Friday, April 20, 2018

Grief, a journey misunderstood, walked with few comforters

Photo by ian dooley on Unsplash

Someone said to me recently that grief was a journey impossible to understand unless you’ve walked it. Such a wise observation deserves some expounding.
I had no idea there was such a thing as suffering until I was hit by the plank of grief in 2003. It challenged and transformed my worldview. It was a reality that held me in a constant state of shock for months; an aloneness that thrust me into sole dependence on God (thank God!). Very few people truly knew the depths I fell to. But there were many who knew my life circumstances.

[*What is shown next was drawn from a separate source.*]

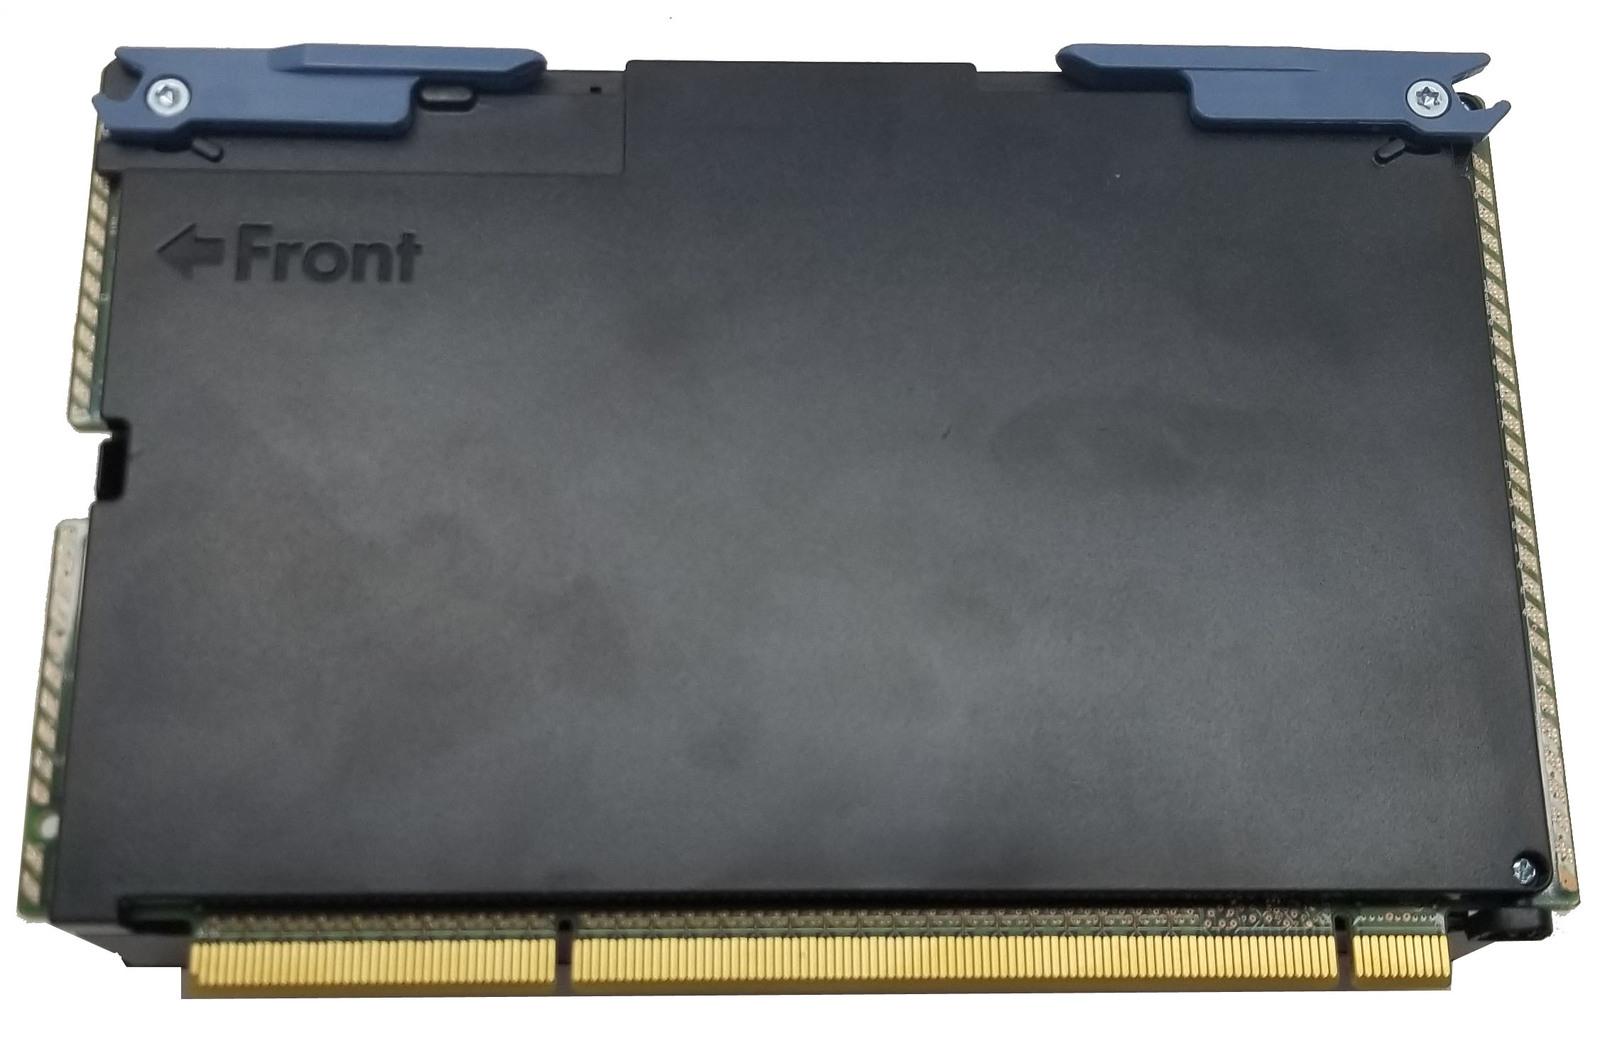 HP (Xeon E7) Memory Cartridge With 6x8=48GB RAM Kingston KTH-PL313/8G Bin:1

I had few comforters, but those I had were all I needed. Not that others’ misunderstanding didn’t frustrate me. But grief taught me…
We cannot expect many to understand the abyss that grief is.

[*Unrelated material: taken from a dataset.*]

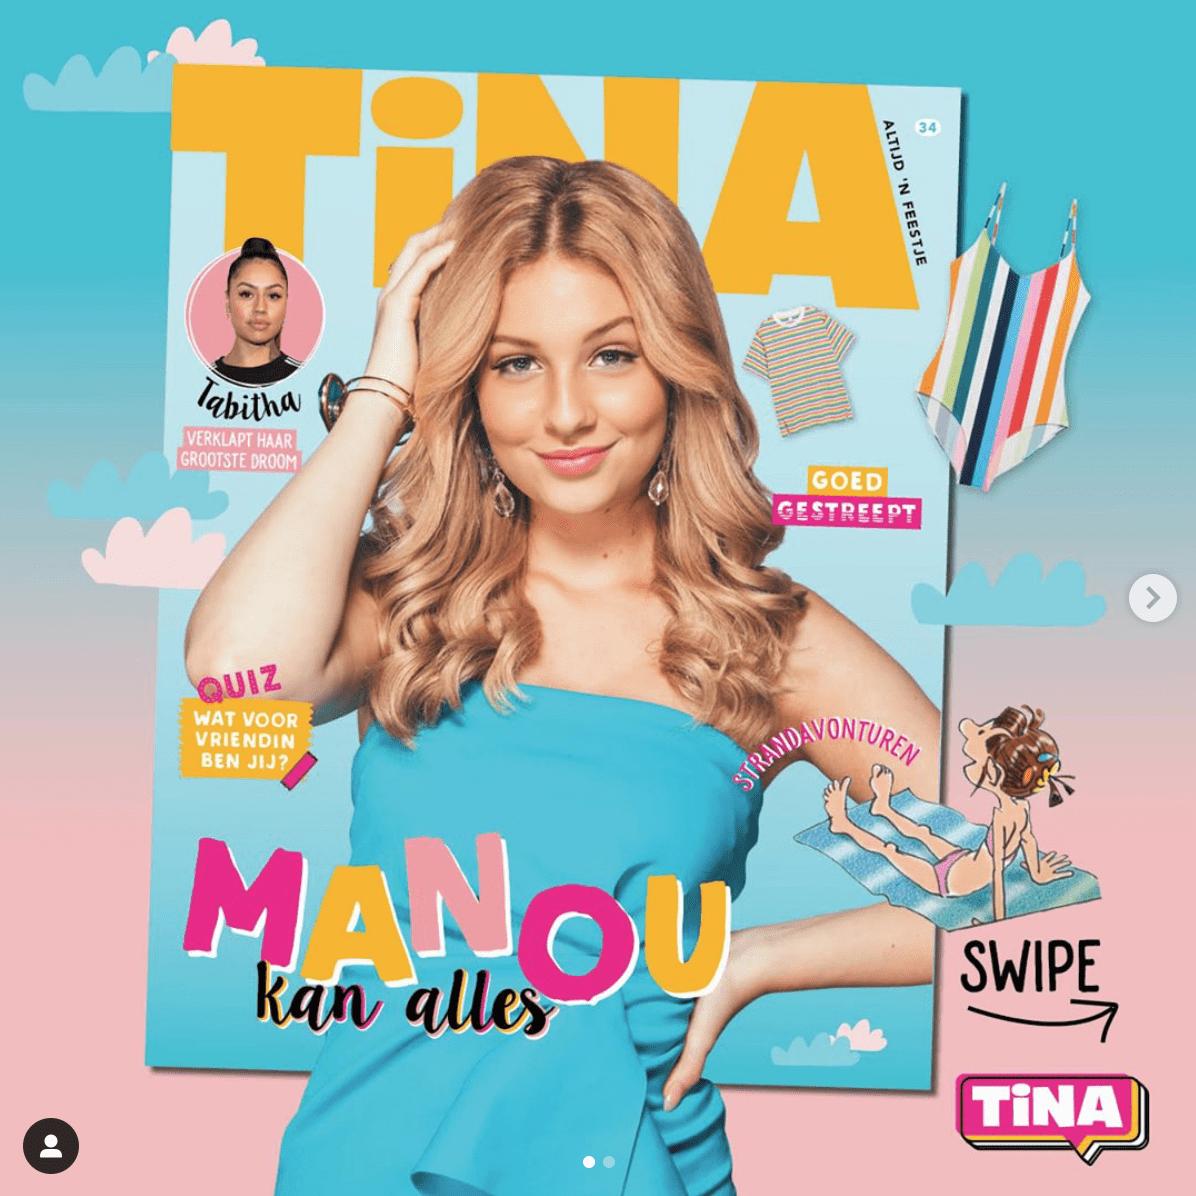 tina-tijdschrift-cover-manou-jue-cardoso

Yet this is such a paralyzingly sorrowful truth for those suffering.
They cannot understand if they’ve not been there. And that is no proud, exclusionary statement — we would give anything for them to understand us, for it is at such times that empathy is the life saver the grieving person craves for, even if there is no answer for our cataclysmic lament.
Empathy truly is a currency for loss…
Empathy is like fine gold.
What we, the grieving, would give for the comfort of speaking
our sorrow to an ardent listener.
How do we love the person who is grieving?

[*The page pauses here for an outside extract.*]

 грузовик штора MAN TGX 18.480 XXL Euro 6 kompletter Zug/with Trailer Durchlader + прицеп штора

We listen in a way that sees them accepted
in everything they say.
It is a great comfort for someone grieving for the listener to say, ‘I don’t have a clue what you’re experiencing or facing, but I am interested in staying here with you, being with you in simple ways, and truly it is no burden, but a privilege to be here with you and for you (for however long we can).’
Even though grief is a walk where so many we encounter, those we’ve known beforehand, have no clue and express no heartfelt empathy, there are those we encounter who are godsends. The former are those who we expected to help us, and perhaps our expectations were part of our ruin. The latter, however, are those we perhaps knew slightly beforehand, but are now powerhouses of empathy when we need it and have even become intimate friends. The latter are those also who came into our lives, like ancient Esther, for such a time as this.
It is of little comfort to those pilgrims on the lonely trek of loss to reconcile that few will understand. The good thing, however, is those who have grieved understand this loneliness in a profound way. These are sweet and pleasant comforters, kind to the enth degree.